Nazem Kadri took exception to Jake DeBrusk’s hit on Patrick Marleau and responded with a cross-check resulting in him being ejected from the game.

TORONTO – If the Toronto Maple Leafs are to advance past the Boston Bruins, they’ll have to do so without Nazem Kadri.

Toronto’s third-line centre was suspended for the remainder of the first round by the NHL’s department of player safety Monday evening for delivering a dangerous cross-check to the head of Bruins forward Jake DeBrusk.

Kadri was also assessed a five-minute major penalty and a game misconduct for his actions in Saturday’s 4-1 Game 2 loss in Boson.

DeBrusk left the game and said he underwent “a couple tests” but will play Monday.

Kadri’s status as a four-time repeat offender factored into the length of the suspension, specifically his similar cross-check on Detroit’s Luke Glendening on April 2, 2016.

The decision was determined after a lengthy hearing in New York, which both Kadri and Leafs president Brendan Shanahan attended.

“Obviously, any time you put yourself in a situation where someone else gets to decide your future, it’s probably not a good thing in anything you do in life,” head coach Mike Babcock said Monday.

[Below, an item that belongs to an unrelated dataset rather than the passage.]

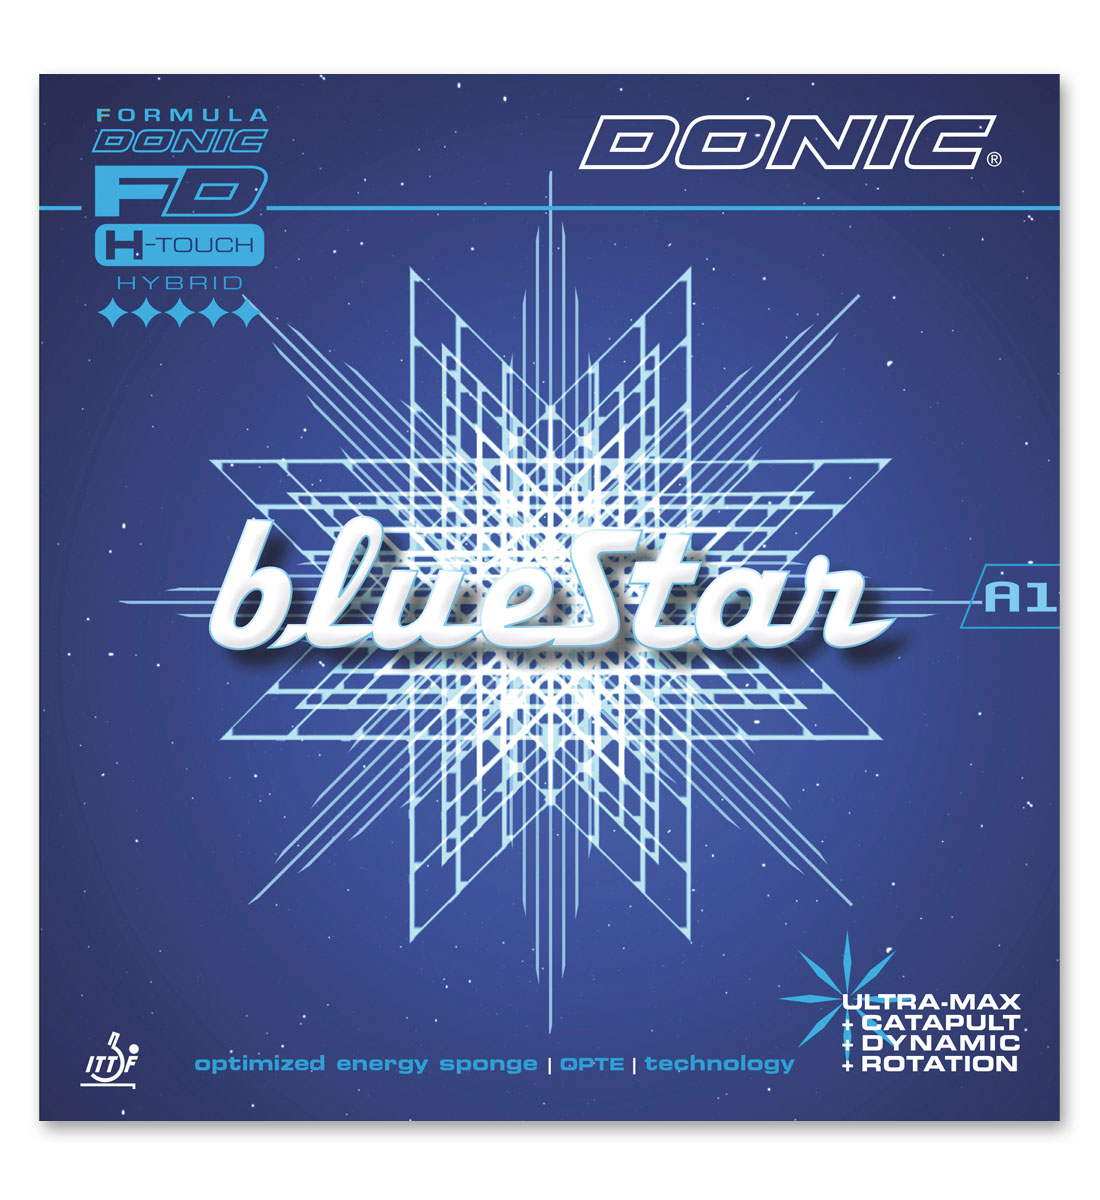 Donic BlueStar A1 Questions & Answers

“Naz is a good player and an important guy on our team. It’s just [like] he’s injured — move on.”

William Nylander will assume Kadri’s position in the middle of the third line, between Connor Brown and Patrick Marleau.

“He’s got to play hard,” Babcock said of Nylander. “It’s real simple, the team that played the hardest won Game 1, and the team that played the hardest won Game 2.”

Kadri’s cross-check was in retaliation for a DeBrusk knee-on-knee hit that had gone unpenalized earlier in the game, as well as a borderline check of Marleau near the benches.

“This is not a hockey play. Instead, this is a player retaliating against an opponent by using his stick as a weapon to make forceful and direct head contact,” according to the NHL-released suspension video. “Players are simply not permitted to flagrantly violate league playing rules because they feel the retribution is justified.”

The flexible length of this suspension (between three and five games) is unusual — but not unprecedented — in that typically player safety sets its bans to a fixed number to games, regardless of when it occurs in the playoff series.

The only similar occurrence took place during the 2013 Western Conference semifinals, when San Jose’s Raffi Torres was suspended for the remainder of the series following his illegal Game 1 check on L.A.’s Jarret Stoll.

Kadri was also suspended during the 2018 Leafs-Bruins series for a high, retaliatory hit, on Tommy Wingels, for which he was banned three games.

“Naz is an emotional guy. He plays with his heart on his sleeve. Passionate,” Zach Hyman said. “Sticks up for his teammates. He’s a good teammate.”

Veteran winger Tyler Ennis draws into the lineup and takes Brown’s spot on the fourth line to make up for Kadri’s absence.

Game 3 of the tied series goes Monday night at Scotiabank Arena.